The main goal of this capstone project is to predict what crime took place in a specific location in Baltimore City on a certain date and time in 2019 using predictive algorithms/models. I will conduct additional analysis on the dataset to determine seasonal trends and what areas are prone to crime since all of these trends could affect the algorithm’s predictions. I will create visualizations of the trends found in the data as well as map where and how many crimes took place in Baltimore City. After the algorithm has been fine-tuned and finalized, I will use it on the Chicago crime dataset in order to compare how well the algorithm/model did on a different set of data.
Dataset
The primary dataset I will be using is the BPD Part 1 Victim Based Crime Data1 from data.baltimore.gov. This dataset accounts for reported crimes involving victims from 1963 to the present in the city of Baltimore. This dataset is updated with new information weekly. There are 292k rows and 16 columns. The columns include the crime date, crime time, crime code, location, description, inside/outside, weapon, post, district, neighborhood, longitude, latitude, location 1, premise, vri_name, and total incidents. The second dataset I will be using is the Crimes 2001 - Present2 from data.cityofchicago.org. This dataset reflects reported incidents of crime, excluding murders, that occurred in Chicago from 2001 to the present. There are 7.06M rows and 22 columns. The columns include the ID, case number, date, block, IUCR, primary type, description, location description, arrest, domestic, beat, district, ward, community area, FBI code, X coordinate, Y coordinate, year, updated on, latitude, longitude, and location.
Methodology
First, I will clean and normalize both the Baltimore and Chicago crime datasets. Then, I will analyze and create visuals of the data trends as well as the crime maps for the Baltimore dataset. Next, I will try the XGBoost, Random Forest, KNN, and multivariate regression algorithms on the Baltimore dataset and receive the initial accuracy results. From there, using various technologies like GridSearchCV and feature engineering, I will refine the algorithms with the most promise. After fine-tuning the algorithms, I will finalize which algorithm to use and test it on the Baltimore dataset. Lastly, I will use the algorithm on the Chicago dataset and compare the accuracy results against Baltimore’s to see how well it does on a different dataset.
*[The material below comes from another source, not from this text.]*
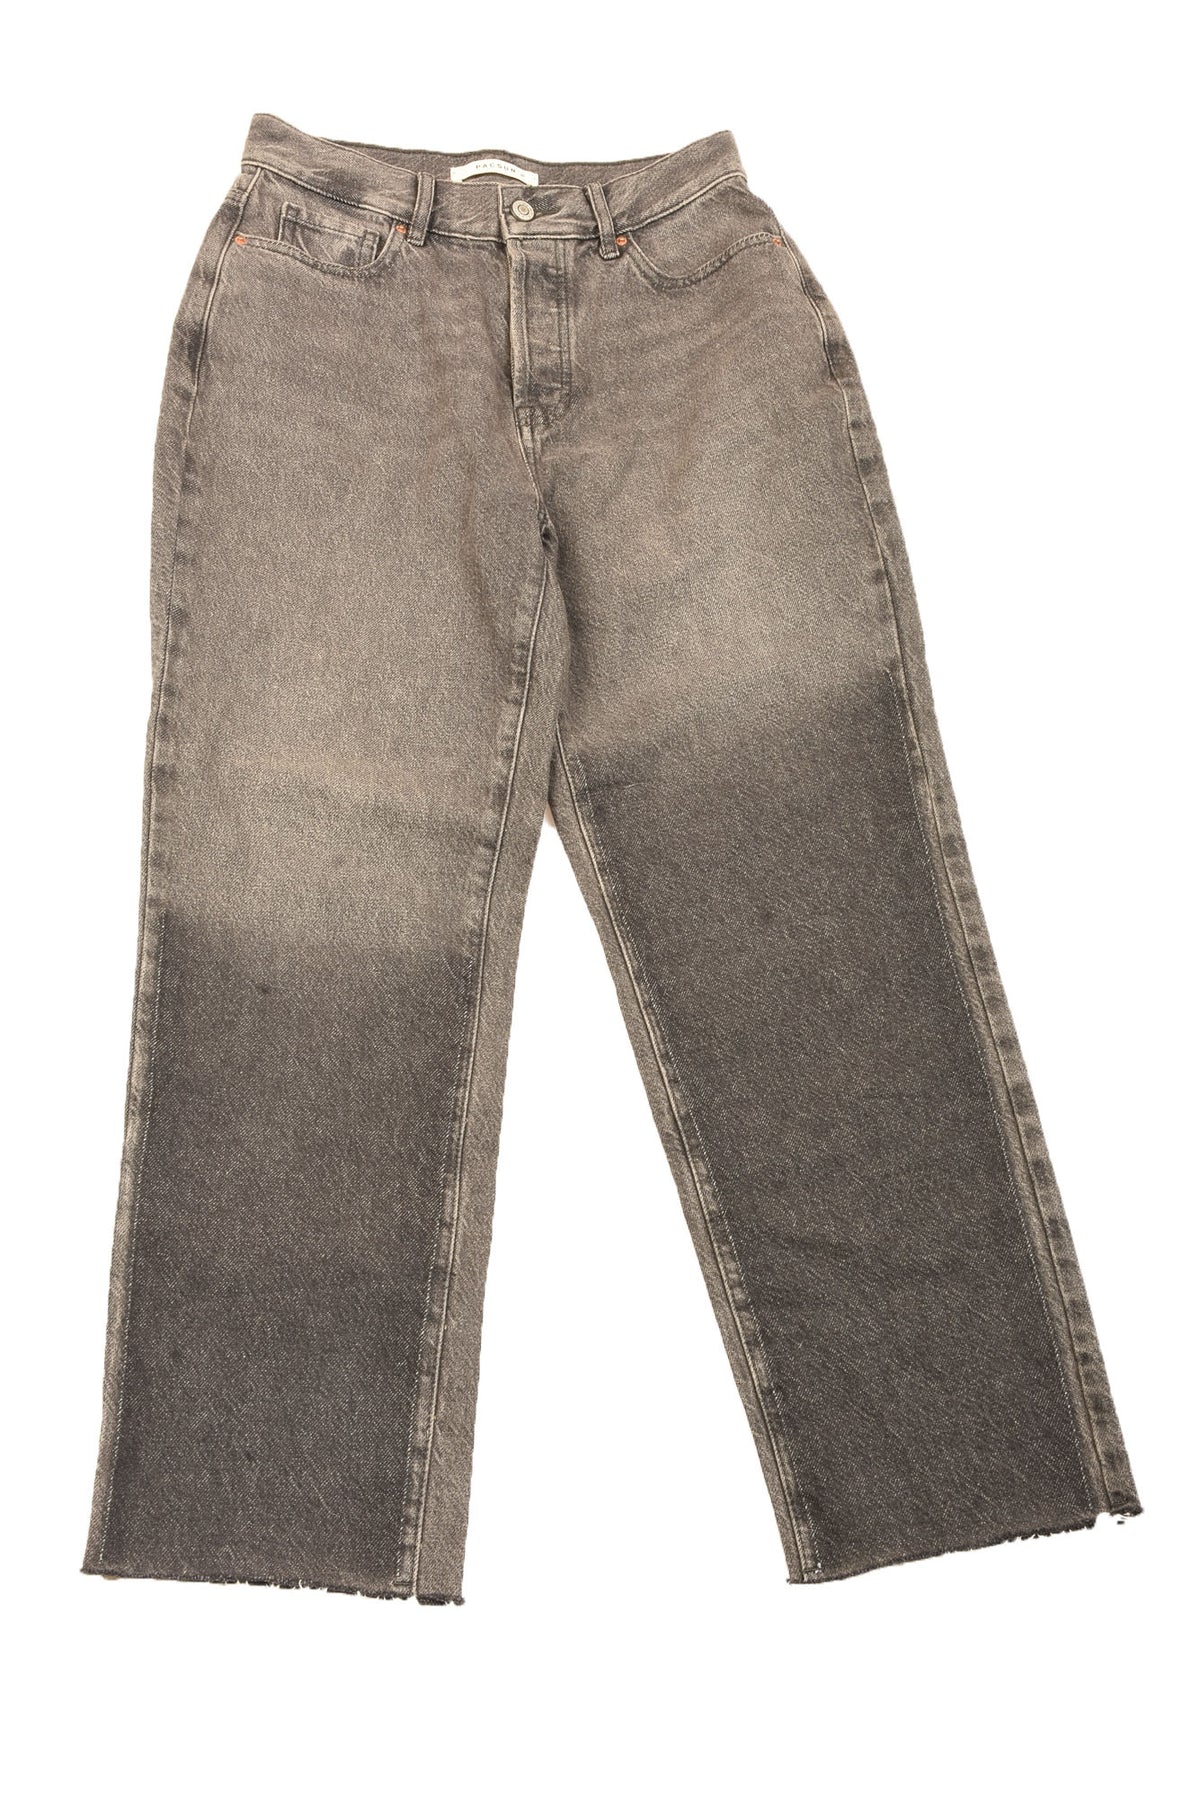 Pacsun Size 25 Women&#39;s Jeans

Literature/Industry Research and Outcomes
PredPol is a popular predictive policing software tool in the industry today that is similar to my capstone project. PredPol is a software tool created by scientists at UCLA that detects patterns of criminal behavior and helps police choose where and when to patrol. After generating its predictions a red box is then created on a Google Maps web interface representing the highest risk areas for crime to occur. PredPol’s predictive algorithm is ძA/ძt = B + ηD/4⛛2 A - ωA + θωδ and uses 5 data points: incident identifier, crime/event type, location of incident, timestamps/time for incident, and record modified date/time for incident. This software is currently used in 60 police departments around the country.
Project Differentiation
PredPol predicts the area where crimes are most likely to occur and when, but they don’t predict what crime will potentially take place. My project will attempt to predict when (date and time), where (latitude and longitude), and what crime (burglary, arson, etc.) will potentially occur in Baltimore City. Also, my algorithm/methodology will differ from PredPol’s because it is a multi-target, multi-variate classification/prediction problem. I will use multiple algorithms at different stages to predict the above targets.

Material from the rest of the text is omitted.